16. Ceza Dairesi         2015/3512 E.  ,  2015/3162 K.

    "İçtihat Metni"

    Mahkemesi :Asliye Ceza Mahkemesi
    Suç : İftira
    Hüküm : TCK"nın 267/1-2, 62, 53, 51/1-3. maddeleri gereğince mahkumiyet

    Dosya incelenerek gereği düşünüldü:
    1- İftira suçunun oluşabilmesi için, yetkili makamlara ihbar veya şikayette bulunarak işlemediğini bildiği halde, hakkında soruşturma ve kovuşturma başlatılmasını ya da idari bir yaptırım uygulanmasını sağlamak için bir kimseye hukuka aykırı bir fiil isnat edilmesi gerekir. 5237 sayılı Kanunun 267. maddesinin gerekçesi dikkate alındığında; idari yaptırım uygulanmasını gerektiren eylemler, kabahatler ve disiplin eylemleridir. Hukuka aykırı isnat gerçekleşen bir eylemin mağdur tarafından işlenmediği halde onun tarafından gerçekleştirildiğine yönelik olabileceği gibi yaygın olarak aslında gerçekleşmeyen bir eylemin mağdur tarafından işlenmiş olduğunun ileri sürülmesi şeklinde görülmektedir.
    Yerleşik yargısal ve bilimsel içtihatlara göre, failin başkasının adını kullanarak yazdığı dilekçe ya da mektupla isnatta bulunması halinde iftira suçu oluşmakta ise de; 4483 sayılı Kanunda memurla ve diğer kamu görevlileri hakkındaki ihbar ve şikayetlerin soyut ve genel olmaması, kişi veya olayın belirtilmesi, iddiaların ciddi bulgu ve belgelere dayanması, dilekçe sahibinin ad, soyad ve imzası ile adresinin bulunması zorunlu görülmüş ve bu özellikleri taşımayan ihbar dilekçelerinin işleme konulmaması gerektiği belirtilmiştir. (4483 sayılı Kanun madde 4) Bu nedenle ciddi bulunmayacak nitelikteki ihbar ve şikayet dilekçeleri iftira suçu oluşturmayacaktır.
    Bu açıklamalar ışığında;
    Somut olayda sanığın Cumhuriyet Başsavcılığına vermiş olduğu 20.01.2014 tarihli dilekçesinde; katılanların bir cemaate üye olduğu, bu amaçla toplantı yaptıkları yönündeki başkaca isnat içermeyen iddiaları katılanlar hakkında idari yaptırım uygulanmasını gerektirir nitelikte olmadığı gibi soruşturma ya da kovuşturma gerektirir bir eylem de değildir.
    Dilekçedeki diğer isnat ise; katılanların iş sahiplerinin işlerini sürümcemede bırakmak şeklindeki iddialardır.
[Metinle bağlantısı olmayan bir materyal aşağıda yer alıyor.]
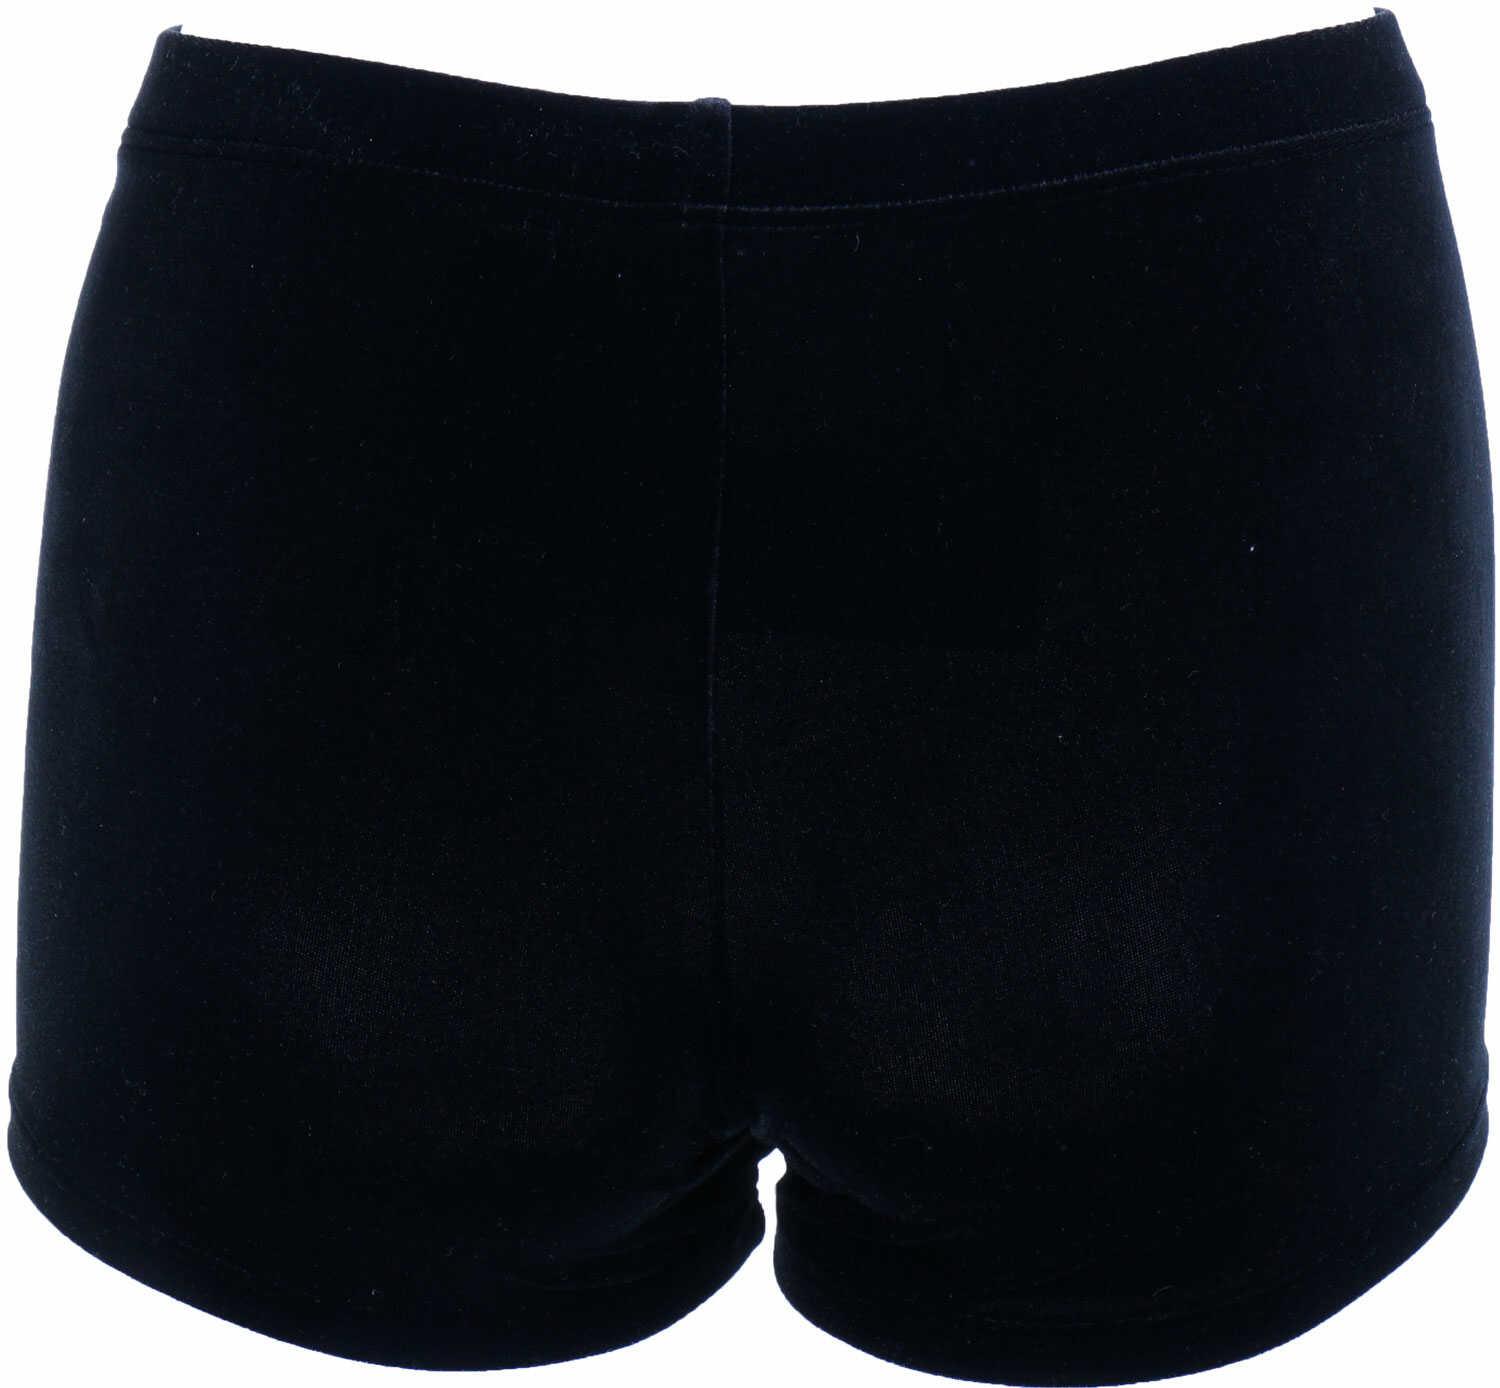 CEK Gymnastics shorts Black Velvet

Sanığın bu iddialarına ilişkin disiplin soruşturması sırasında dinlenen tanık avukatların beyanlar da dikkate alındığında, katılanlar haklarında "kovuşturmaya yer olmadığına" dair verilen karar, iftira suçunun işlendiğine kesin kanıt olmayacağı ve Anayasanın 74. maddesinde koruma altına alınan dilekçe hakkı kapsamında kaldığı gözetilmeden suçsuz olduğunu bildiği kişiye karşı suç yükleme kastının ve dolayısıyla iftira suçunun unsurlarının nasıl oluştuğu tartışılmadan yazılı şekilde mahkumiyet kararı verilmesi,
    2- Kabul ve uygulamaya göre ise;
    Hukuksal anlamda tek bir fiil ile birden fazla mağdura iftirada bulunduğu iddia ve kabul edilen sanık hakkında TCK"nın 43/2. maddesi uyarınca cezanın arttırılması gerektiğinin gözetilmemesi,
    Kanuna aykırı, sanık ve katılanların temyiz itirazları yukarıda belirtilen nedenlerle yerinde görüldüğünden hükmün BOZULMASINA, 01.10.2015 tarihinde oybirliği ile karar verildi.